# Whats The Scariest Theme?



## ShadyHallows (Jun 14, 2006)

What do you think is most scary as a theme? General, clown show, original horror characters, a mix of all? I'm basically wondering because with the new haunted house in the works I want this to scare the crap outa ppl and not just be a dumb little walk through. Kind of going along with this can you think of any props or scenes that really made you scared or jump? Thanks in advance.


----------



## trishaanne (Aug 20, 2005)

Alot of people do haunted carnivals or clowns but I won't do that. Little kids love the circus, and I won't spoil it for them by making the clowns so scarey they can't enjoy it any more. I also won't do anyone hanging or anything really bloody or gorey. I think the scariest things are the ones you DON'T see, the things you anticipate and make up in your own mind. Does that make any sense? Sorry if it doesn't....I've been out in the sun all day and I think I may have fried what was left of my brain!


----------



## GreenCapt (May 28, 2006)

I guess to me the scariest is when the audience is made to get involved with the 'story' of the haunt. That's something that many pro attractions do very well- instead of just having a random walkthru and people jumping from hidden corners and screaming, get your audience emotionally involved. Of course if you give *too* much story your audience loses interest (too much opening narration, too many 'stop and tell' moments).

And I always appreciate safe ways of not feeling... *safe*. Like having a ringer walk through with each group and at some point in the haunt having something happen to the ringer so the rest of the group thinks 'oh crap they're not supposed to do anything to *us* and something happened'.

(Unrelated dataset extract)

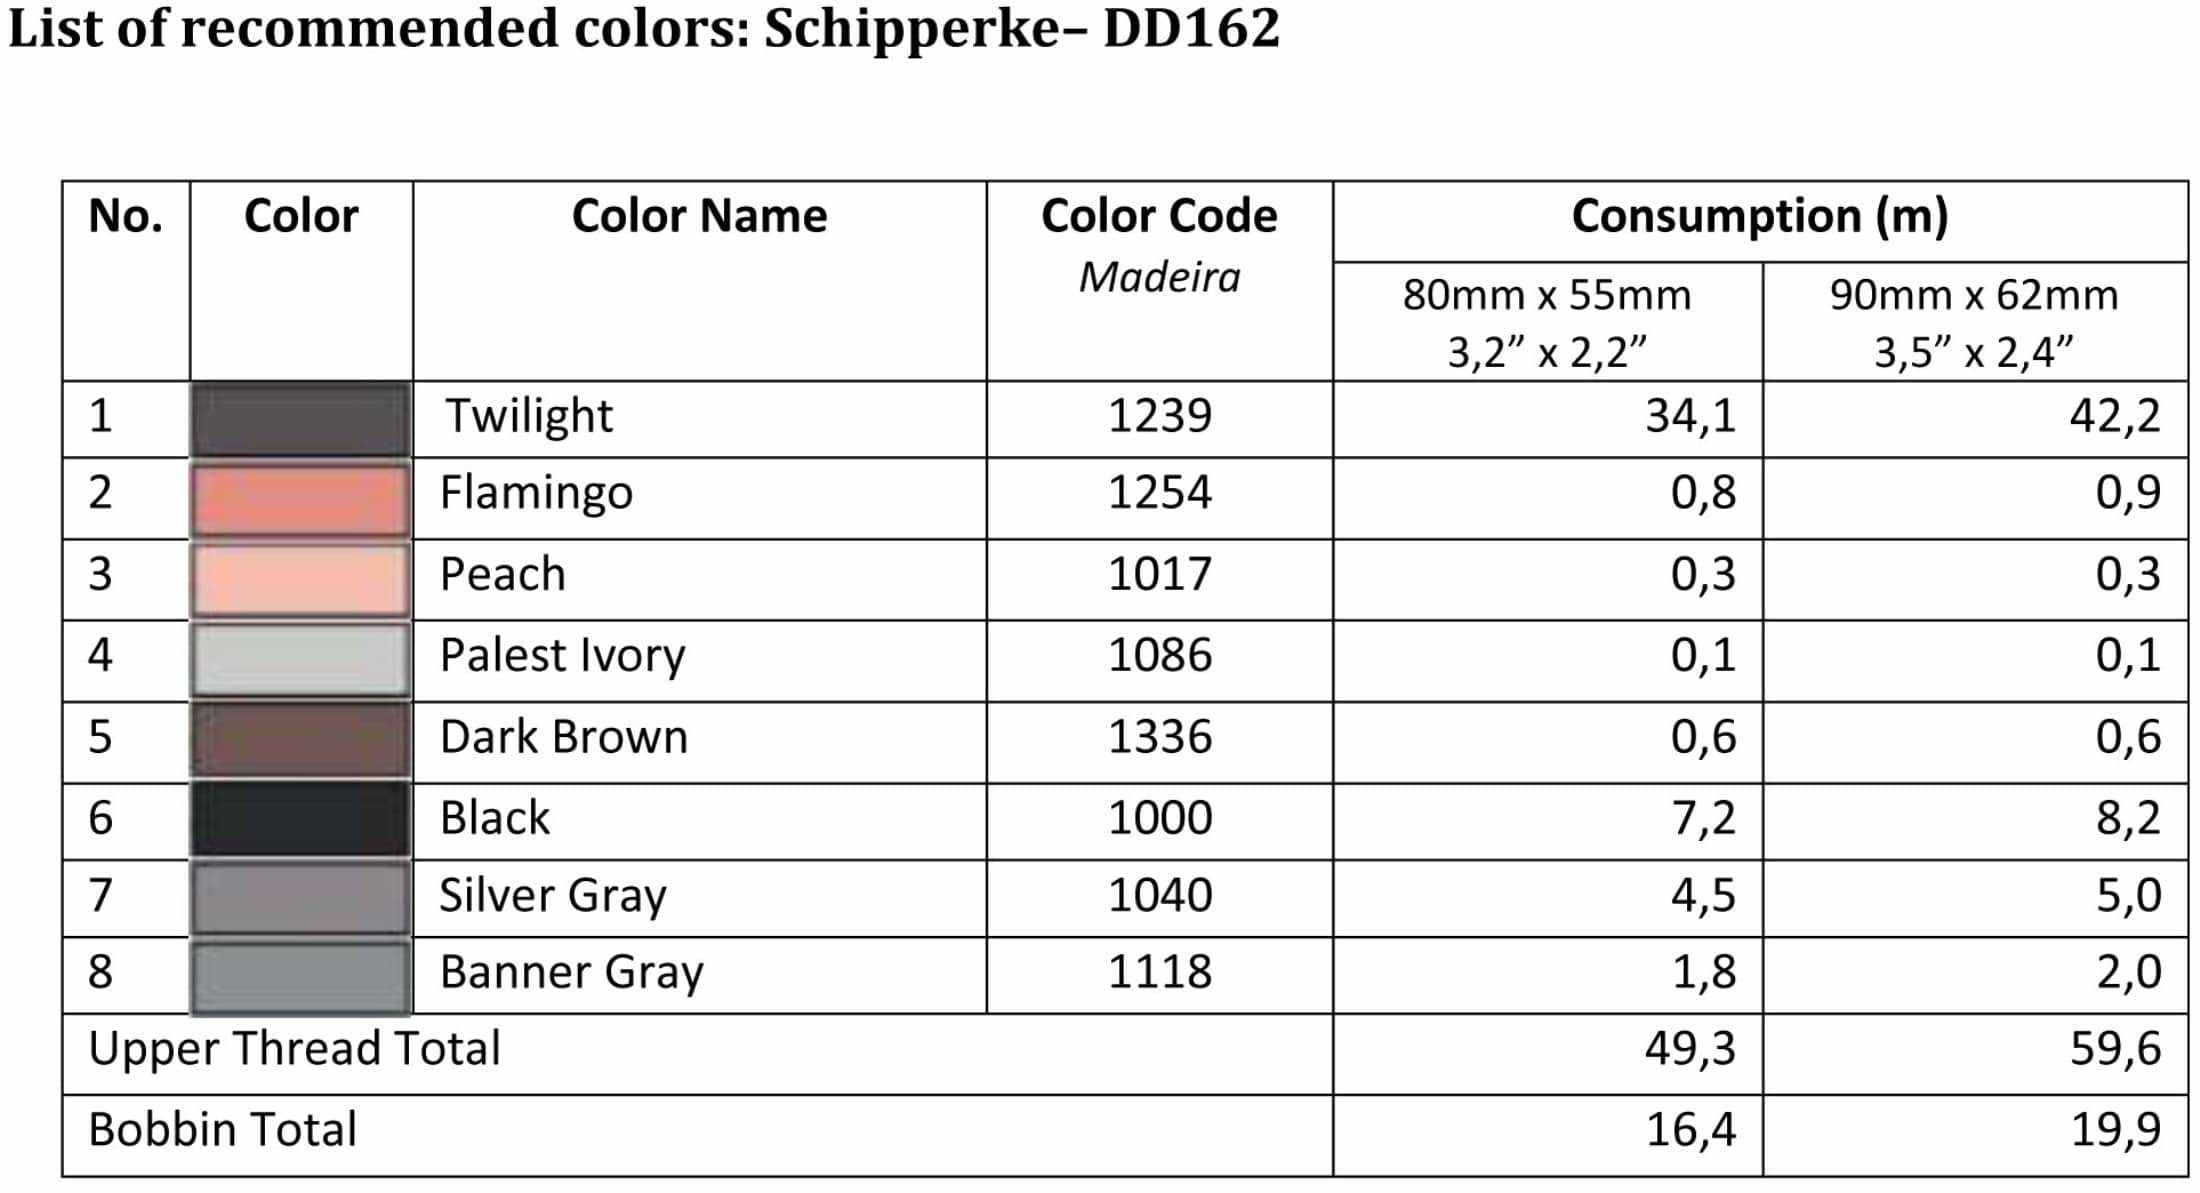 List of recommended colors - DD162

I know this isn't exactly what you asked for but I hope it helps.


----------



## heresjohnny (Feb 15, 2006)

Though I am relatively new to this, I think the right mood will make any theme good. Personally I agree with trishaanne, I don't like things that are 2 gruesome or gory, and its thinking you're gonna get scared, the anticipation, that gets you. Years (and years) ago I went to Universal Fright Nights when they first opened up Bates hotel. I remember coming up on a walk through closet lined on both sides with coats hanging up, thinking someone would defintely grab me while waling through. No one did, but the anticipation was great! I am still learning how, but I think sound and light plays more of a role than anything. Ever gone through a cool ride and notice how many different sound sources you are surrounded by?

Having said all of that, the best theme I pulled off last year was a swamp room; soundtracks of crickets and frogs, and things walking through the water. We used old tree limbs as trees, scattered leaves and twigs everywhere, and used scattered black lights. Very Spooky. We also had an outdoor cemetary with scattered soundscapes playing. This year I want to add blinking eyes, bush shakers (just a little, like someone sneaking up on you), and sounds of bats coming from speakers up in the trees. Things like that to set the mood.


----------



## GreenCapt (May 28, 2006)

heresjohnny- as a brief aside, do you have any pics of your actual haunt on your website? I love your project pages, etc but would like to see the whole deal.


----------



## heresjohnny (Feb 15, 2006)

GreenCapt, last year was my first real effort at a haunt, and I did not take any pictures. I plan on documenting well this coming Halloween


----------



## GreenCapt (May 28, 2006)

Cool- I can't wait! 

Now back to our regularly scheduled thread...


----------



## Hellrazor (Jun 18, 2006)

I agree with the "anticipation" theory. I am cool with horor movies and such, but you wont catch me in a haunted house! I just wont do it, the anticipation is too great for me. I cant play hide or seek as well because I start thinking about someone lurking or bugs etc.... My heart races just thinking about it. But i am a Hypocrite in the purest sense as I have my own haunted areas - go figure.


----------



## Death's Door (Mar 22, 2006)

Definitely the anticipation is the thing that gets me toooo. When I go in a haunted house I am looking all around knowing the places that someone/something should be coming out and when it doesn't happen but takes place when your guard is down is awesome. I know who put the haunt together is thinking along with same lines as me. 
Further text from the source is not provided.